What was cool, is that they called us back at 1250!  Just quick history by the fellow, then blood pressure and all that good stuff. They had me undressed and waiting on the doctor by 1pm. They kept apologizing b/c he was still in a meeting (LOL- meaning he was eating still). So the fellow and the resident started on the ultrasound. It was funny b/c the resident was so timid with the vag-a-sound.  Turning it about 5 degrees either way, and not being able to see anything. LOL. I was about to say “Shove it in farther and ram it around crazy girl!!!” The fellow finally guided her what to do and things started showing up.

One little Sweet Oat. (just one! Phew)

o.m.g. It was crazy. Seeing a little cheerio that is the yolk sac, and the fluid filled gestational sac was just surreal. That was really inside ME. They were able to zoom in and get the heart beat. We could see the two separate chambers, and then…swhooosh, swhoosh, swhoosh of the heartbeat. So insane that in just about four weeks THAT was created. A tiny being that is so dependent on me- yet so much seperate with its own beating heart. Already.

Of course I started crying, and laughing…and shot all the pictures to hell and back b/c it is kinda hard to ultrasound a jiggling pelvis. It was crazy to laugh and SEE the little blob move. We got a few printed out pictures, that almost got crushed b/c Kingman was holding onto them so hard. He is so excited. I asked him if he felt any detachment b/c it wasn’t his sperm that created his child- and he said no.

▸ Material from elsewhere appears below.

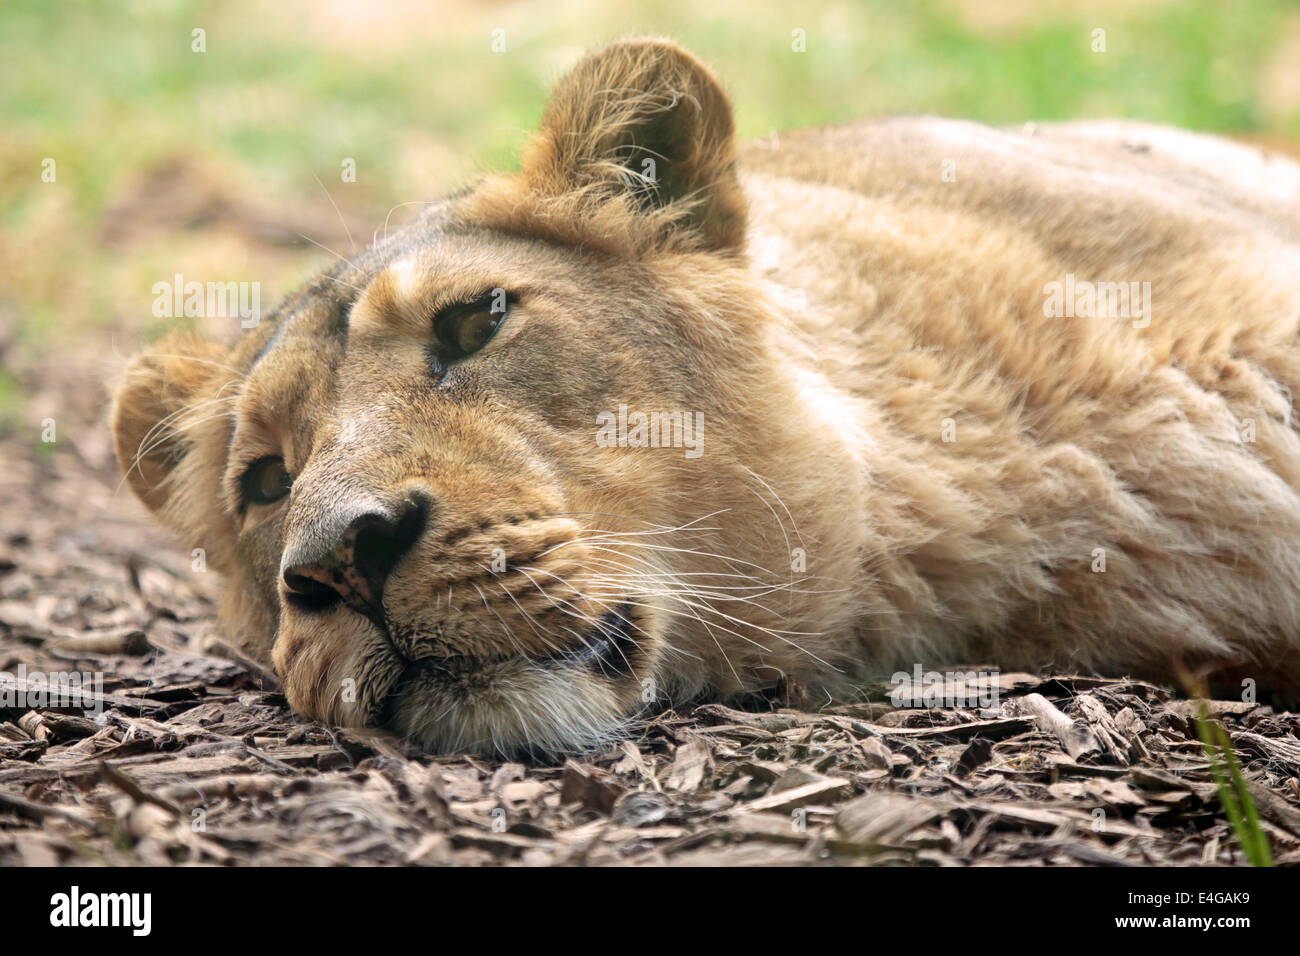 A female lion (Panthera leo) is sleeping on the ground Stock Photo

He said he had a fleeting second a little bit after the initial seeing/hearing it, but it was also relief. He said he realizes he would be MORE worried that something would be wrong with the baby if it was from him. His health issues have not been disproven to have a genetic link, so we would be terrified he would pass that through his genes. I am so glad to hear that, I was so worried what it would be like when the moment happened.

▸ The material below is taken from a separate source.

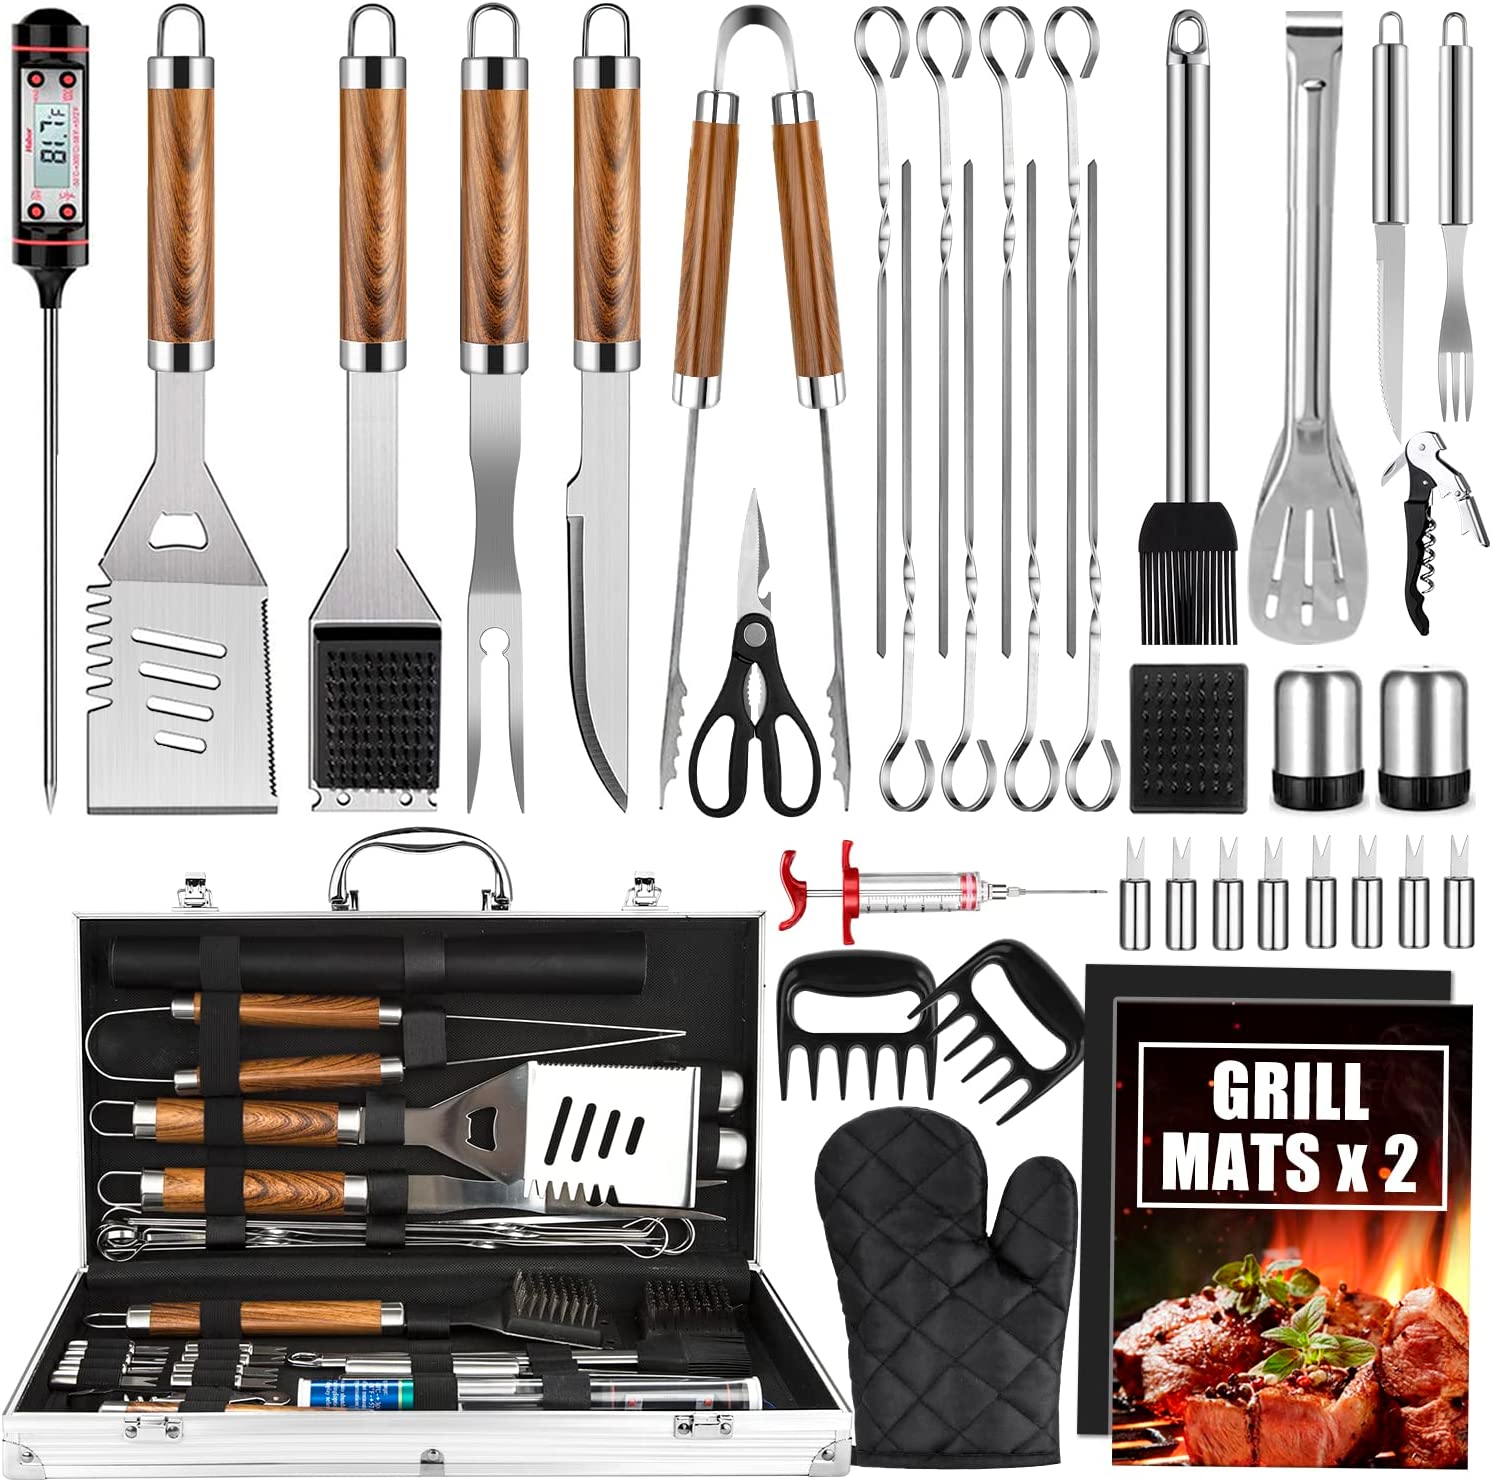 BBQ Grill Accessories Set, 38Pcs Stainless Steel Grill Tools Grilling Accessories with Aluminum Case, for Camping/Backyard Barbecue - image 1 of 7

All of us girls with Azoo know this feeling. They say they are ready, but are they really? Are they just saying go ahead with this cycle to make us happy? Will the pull away and not have an attachment? I obviously can’t speak for all men-but it was totally all OURS. It is OUR baby. This is OUR pregnancy. This little Sweet Oat is going to be Kingman’s Prince or Princess. No further question in either of our hearts.

SO, if you are an Azoo girl, and you are reading this (or an Azoo guy)- it really doesn’t matter. Okay, it does, but it DOESN’T. It is hard to explain. Sigh.

Anyhoo- the doctor said that everything looked “Perfect”. See? I ALREADY have a perfect child. *ahem* 🙂 I measured exactly 6w0d, which is right on target with my LMP and IUI. So my tentative due date is 8/8/10.  I am going to be making FULL use out of my pool this next summer. LOL.

I am going to add a tab up at the top to keep the ultrasounds and other various pictures on- so if you want to see them you. I don’t want to alienate my girls that are still in the journey. I know it is hard to see those grainy black and whites- even if it is a fellow IFer. Feelings don’t stop just because it a comrade that has gotten on the pregnancy train.

🙂 I love you all, and want you all to experience this. If I could delay my pregnancy just one month to insure you all had BFPs I totally would. In my joy, I feel sorrow for pain I know is out there. I pray for you all every time I think about you guys.